0G's performance is impressive, achieving about 50 gigabytes per second compared to competitors like Celestia's 1.4 to 1.5 megabytes per second. Additionally, 0G is approximately 100 times cheaper than its closest competitors.
This performance opens up numerous AI/blockchain use cases previously deemed impractical. In finance, 0G's scalability could enable sophisticated AI-powered trading algorithms to operate directly on-chain. Large-scale federated learning systems on the blockchain could lead to breakthroughs in privacy-preserving AI, allowing multiple parties to train AI models collaboratively without sharing sensitive data. This has significant implications for fields like healthcare, where data privacy is crucial but collaborative research is essential.
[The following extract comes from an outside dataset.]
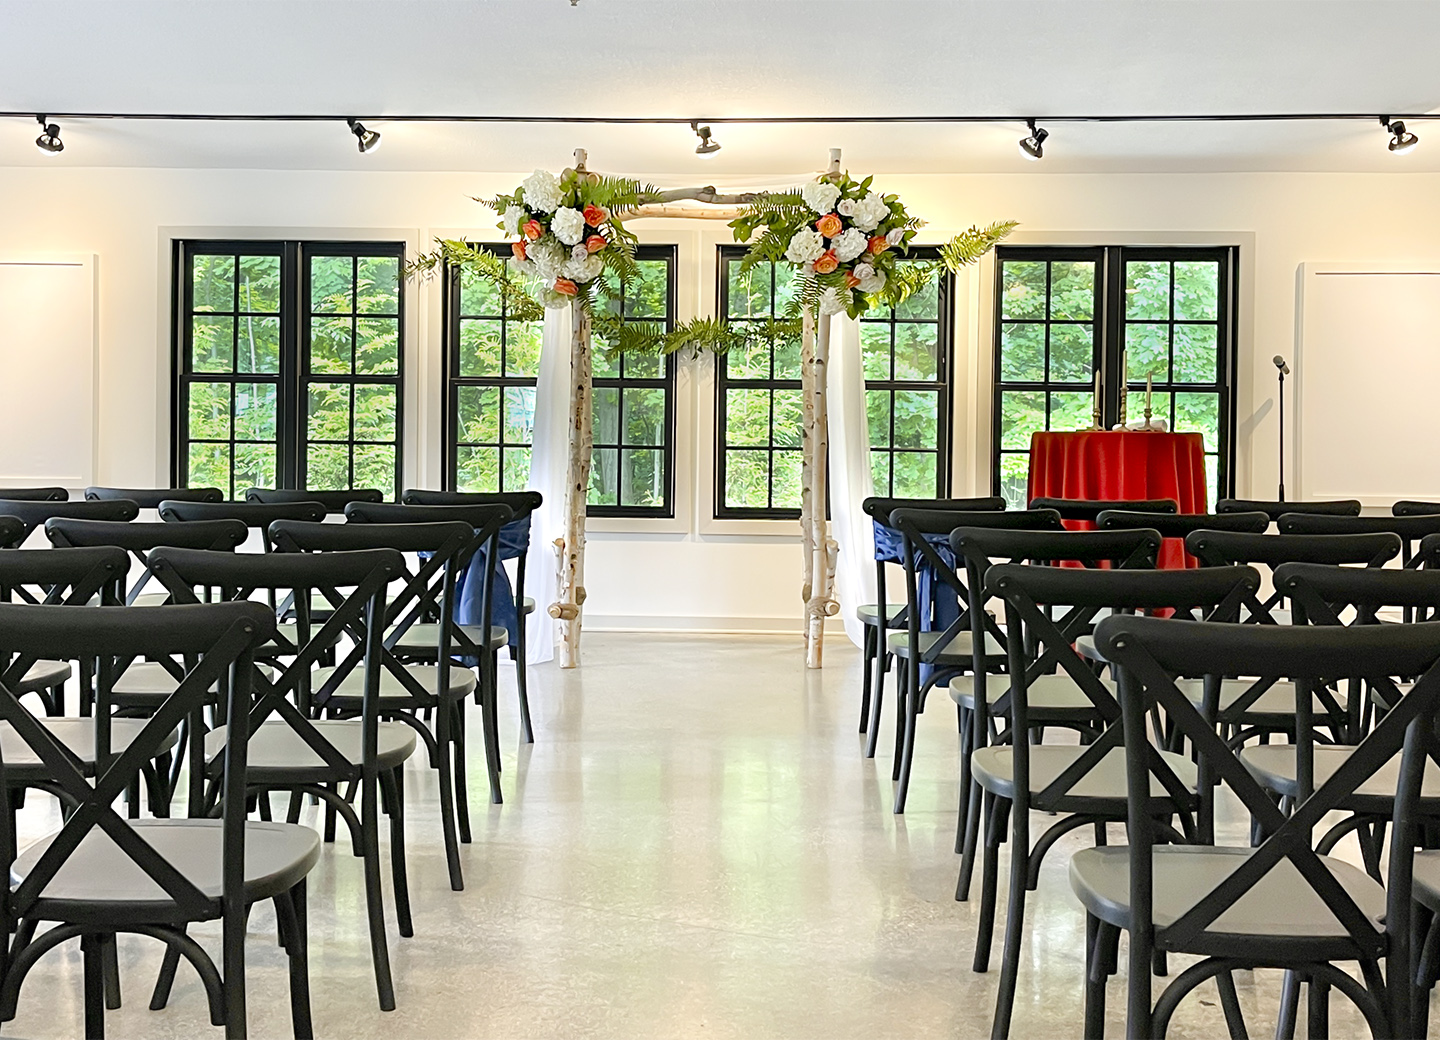 Ceremony set up indoor dining area with black cross back chairs and hoopo with flowers.

The convergence of AI and blockchain represents a massive economic opportunity. The AI industry is projected to be worth $1.3 trillion by 2030, while the blockchain market is expected to reach $248.8 billion by 2029. Companies and platforms that successfully navigate this convergence, solving technical challenges and unlocking new value propositions, will be well-positioned to capture a significant share of this trillion-dollar opportunity.